Завирюха деловито стянул штаны. Огорченно вздохнул. Вместо того, чтобы заниматься любовью с образованной красавицей, приходится разминать жирные телеса…

Заскрипела кровать, послышался очередной глубокий вздох женщины. Будто гудок тепловоза перед черным провалом тоннеля. Боевик рассмеялся. Надо же, вздыхает. Будто предстоят не сладостные обьятия, а средневековые пытки с последующим сожжениием на костре инквизиции.

Парень забрался на жирное бабье тело на подобии наездника, оседлавшего рослого скакуна. Приспосабливаясь, поерзал, потискал груди, помял жирный живот. Сладкие вздохи женщины участились, перешли в зверинный вой. Разогревать любовницу не пришлось — она окольцевала медлительного парня руками и ногами, с неженской силой втиснула его в себя…

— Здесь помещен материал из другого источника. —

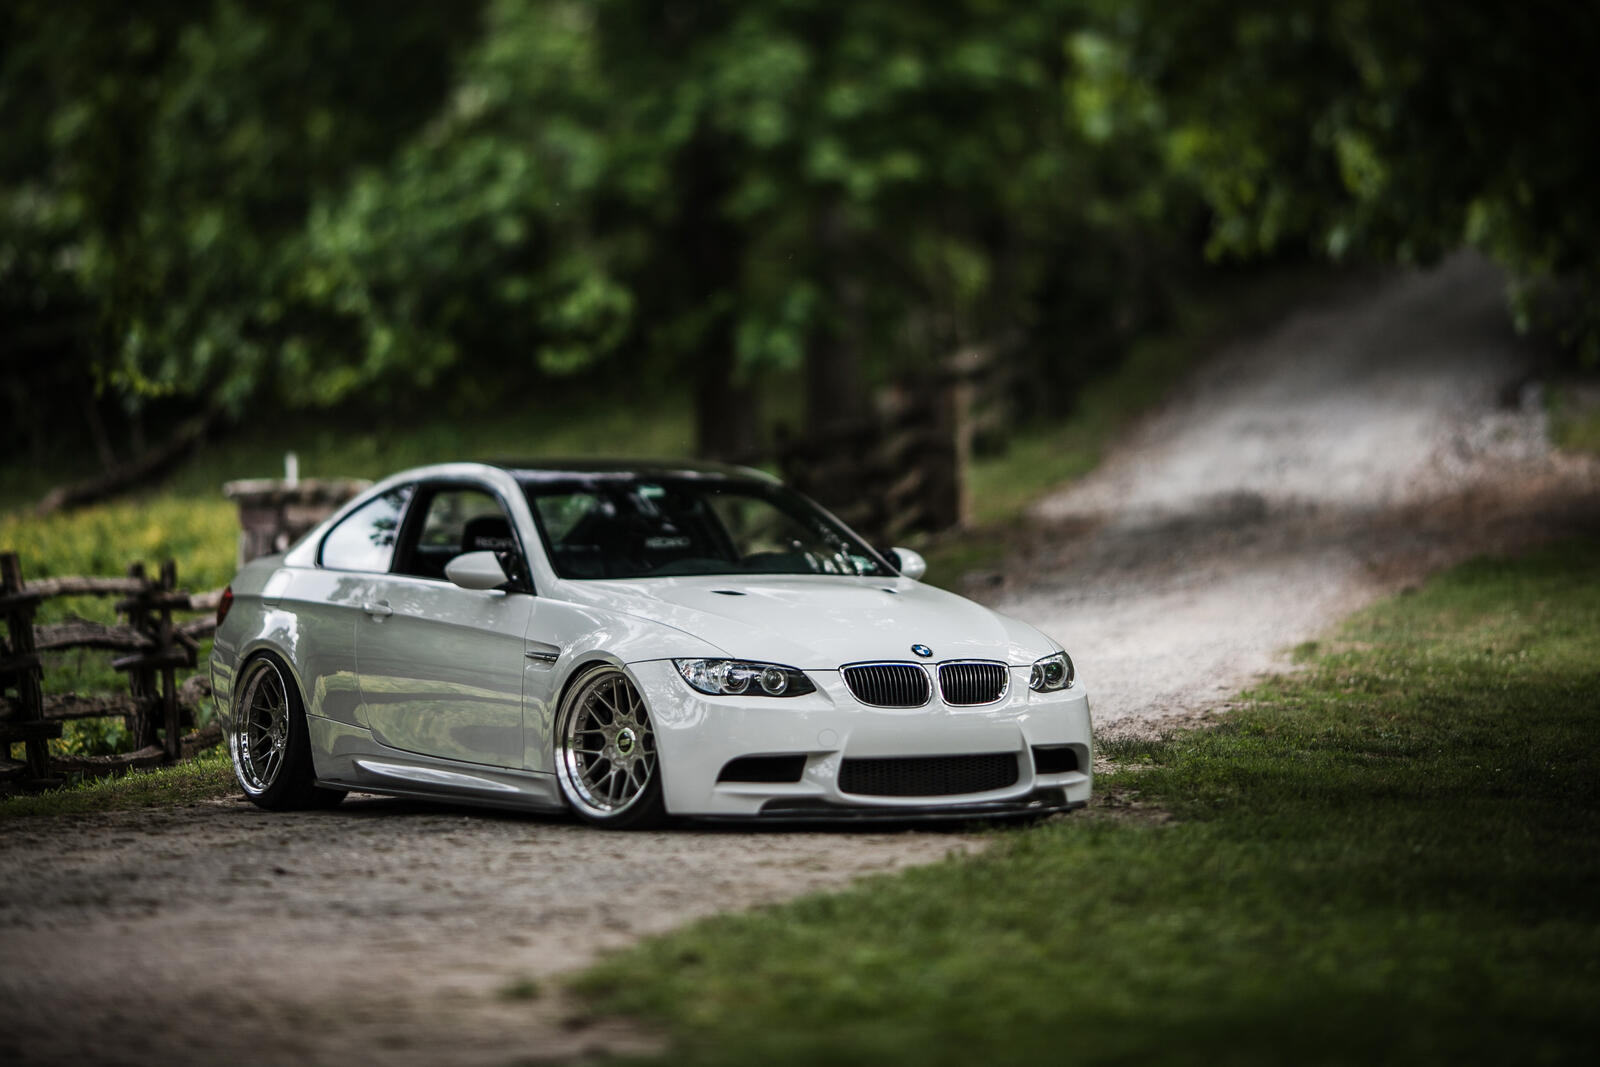 Free photo White bmw m3 e92 coupe on a dirt road

— И как же звать твоего отца? — умиротворенно промяукала сторожиха, навалившись мягкой грудью на мускулистое тело боевика. — Теперь никто не подслушает… Получил свое — отвечай… Или недоволен? Можно повторить…

Вот это уже ни к чему, поморщился Завирюха. Расплывчатые формы женщины в сочетании с идиотской стыдливостью и откровенными ласками вызвали в нем приступ тошноты.

— Можно и поговорить, — увильнул он от согласия «повторить». — Как батю звать? Неужто сама не догадалась? Вот уйдет на пенсию — выдвину свою кандидатуру. Выберут, точно выберут! Ведь во мне шевелятся президентские гены… Только бы совершить какой-нибудь героический поступок… Какой именно, не подскажешь? С бутылкой под танк броситься или амбразуру закрыть своим телом?

— Амбразуру, — спрятала голову под мышкой парня сторожиха — С бутылками мне муженек надоел, каждый день — пьяный, каждое утро похмеляется. Мужняя баба или холостячка — не поймешь-разберешь… Так что лучше — амбразуру…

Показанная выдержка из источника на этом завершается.